SPIDER-MAN 

by Columbia Pictures 

May 2002

Spider-Man

Reviewed by Steven H Silver


Adapting any popular work for the big screen is fraught with peril.  There is no chance of completely satisfying all the fans of the original format, and changes must be made to attract those who aren’t fans of the work or character to see the film.  With the rise of the internet, this may have become more difficult, since so many websites offer gossip about the script and direction a film is going to take, long before the film is even shot.  This can lead to the long-time fans airing, quite publicly, their Cassandra-like wails that the film will be a dismal failure on every level.  Such predictions occurred for “Spider-Man” when it was revealed that the lead would be played by Tobey Maguire (similar, in many ways, to the outcry in 1989 when Michael Keaton was selected to portray Bruce Wayne/Batman).  A second outcry occurred upon learning that Spider-Man’s mechanical web spinners would be replaced by organic ones.

In both cases, the causes of the outcry worked well, at least for those not devote fans of the character.  Maguire managed to do a wonderful job as the nebbishy Peter Parker, playing him seriously enough that he didn’t become a joke and realistically enough that you could see that he was an outcast from his peers, although why they had developed such a strong antipathy towards him is never explored.  Similarly, the scenes in which he figures out how his webbing works, and, more importantly, how to control it, are done quite well and induce both laughter and sympathy.  Not only do these scenes, particularly his fight with Flash Thompson, allow the special effects crew to show a variety of interesting interpretations of Spider-Man’s powers, but they demonstrate how Parker learns about who he is, not just as Spider-Man, but as a person.

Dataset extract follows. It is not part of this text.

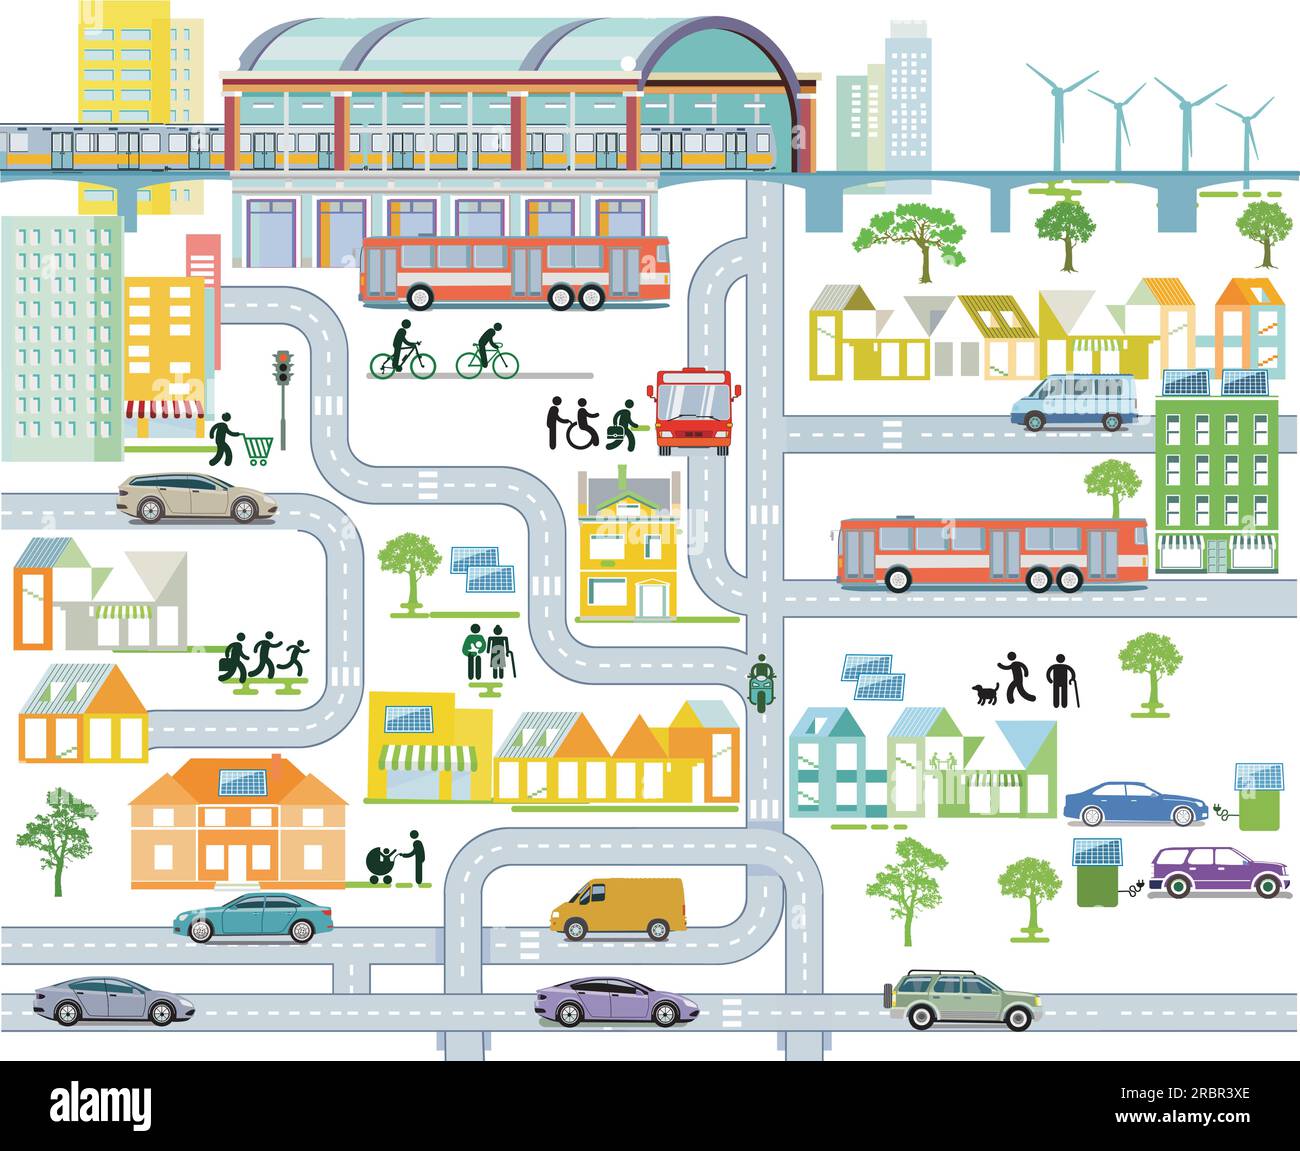 Panoramica della città con traffico, case e stazione ferroviaria, illustrazione informativa Illustrazione Vettoriale

For the latter,  Peter Parker is helped along by his Aunt May (Rosemary Harris) and Uncle Ben (Cliff Richardson in a cameo role).  Parker’s next door-neighbor, Mary Ann Watson (Kirsten Dunst) appears as a change from the comic book character, but works overall.  Her slightly schizophrenic relationship with Parker, alternating between being friendly and remembering him from when they were much younger to utterly ignoring his existence, seems a bit strange, but the fact that she is never portrayed as overtly hostile to Parker, as so many others are, helps the portrayal of the relationship.  The relationship which never does seem quite real is Parker’s friendship with Harry Osborn (James Franco).  Osborn is the scion of a wealthy father, Norman Osborn (Willem Dafoe), who befriends Parker when he finds himself in a public school, following his failure at numerous private institutions, but the two boys never really seem to have a basis for their friendship.

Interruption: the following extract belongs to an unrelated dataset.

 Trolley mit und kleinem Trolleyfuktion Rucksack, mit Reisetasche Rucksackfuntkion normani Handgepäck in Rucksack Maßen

Of course, Osborn’s father is Spider-Man’s nemesis, the Green Goblin.  Perhaps taking his direction from Jack Nicholson’s portrayal of the Joker in “Batman,” Dafoe plays the Green Goblin with just the right amount of camp.  The character does not appear to be over the top, but he definitely is drunk on his own perceived power and intelligence.  Psychological scenes in which the two sides of the character talk to himself are well done and similar to the scenes in which Gollum confronts himself in “The Lord of the Rings:  The Two Towers,” although different enough to set them apart.

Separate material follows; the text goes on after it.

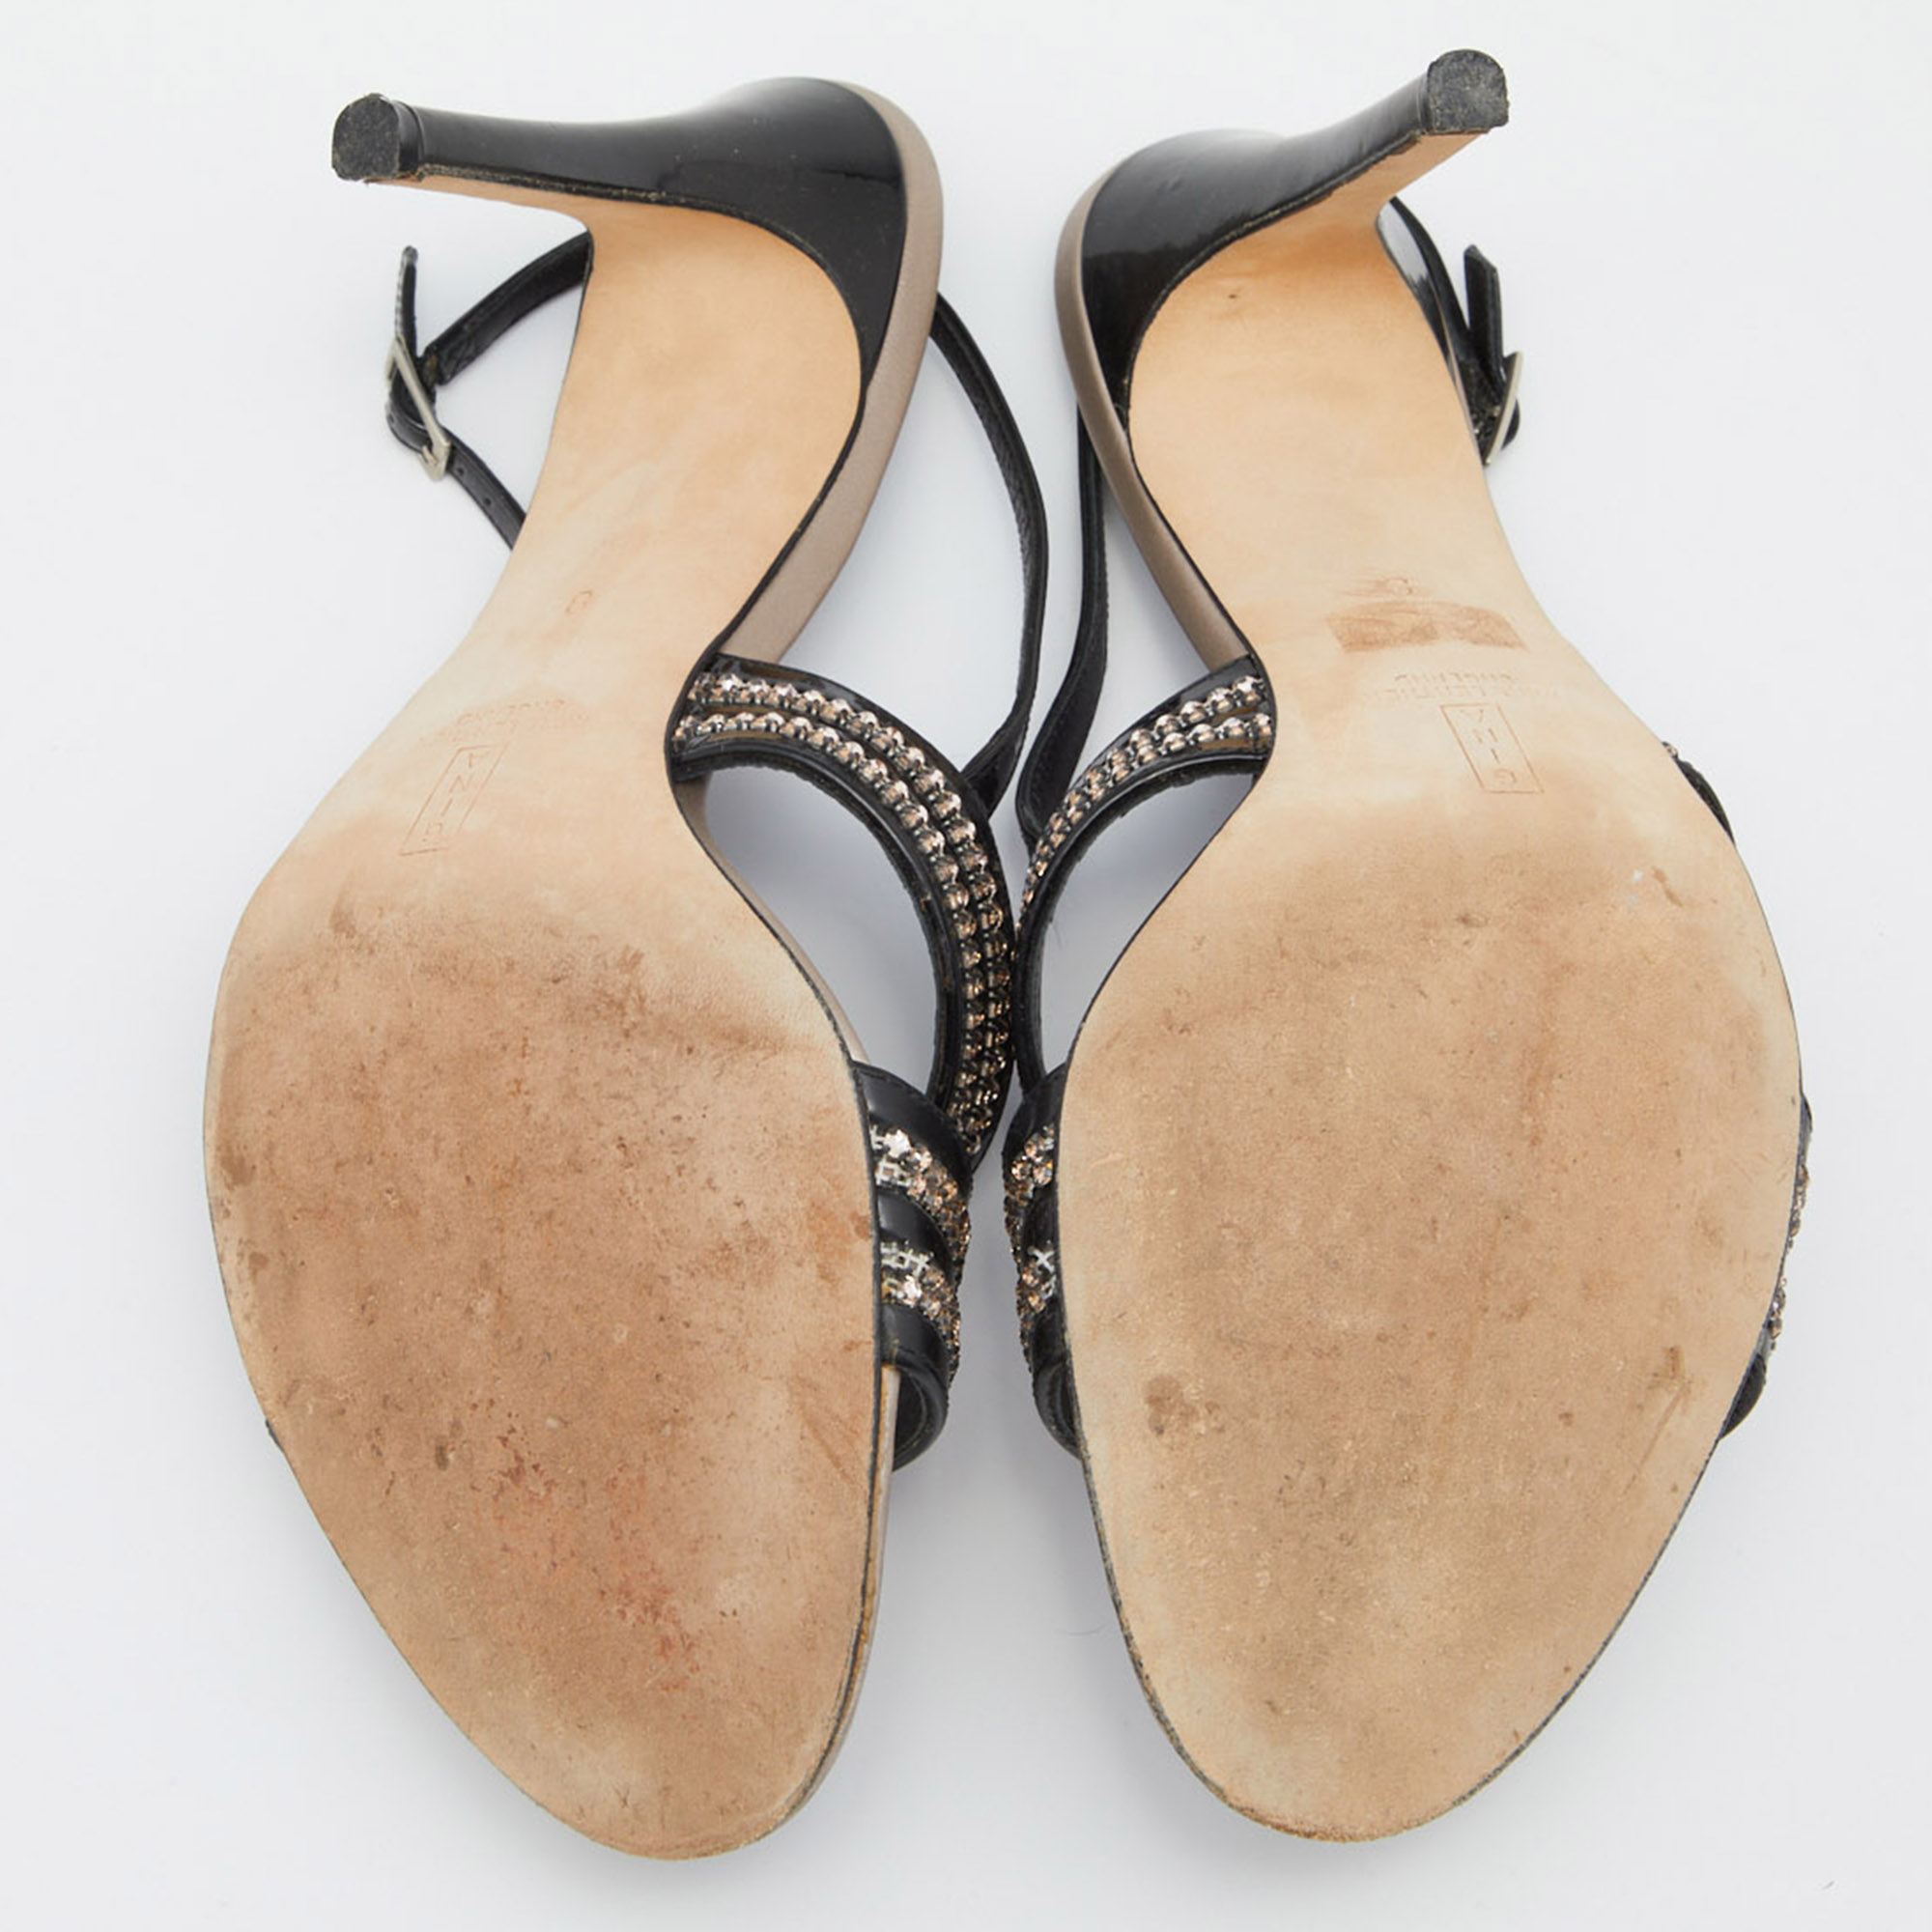 Gina Black Patent Leather Crystal Embellished Slingback Sandals Size 41

“Spider-Man” works well as both a film about characters and an action film.  The images have an appropriate comic-book brightness to them without degenerating into a cartoon.  None of the characters are invulnerable, yet the blood never gets out of hand.  If the audience is asked to suspend its disbelief for segments of the film, it is in a natural way which is to be expected from this sort of film.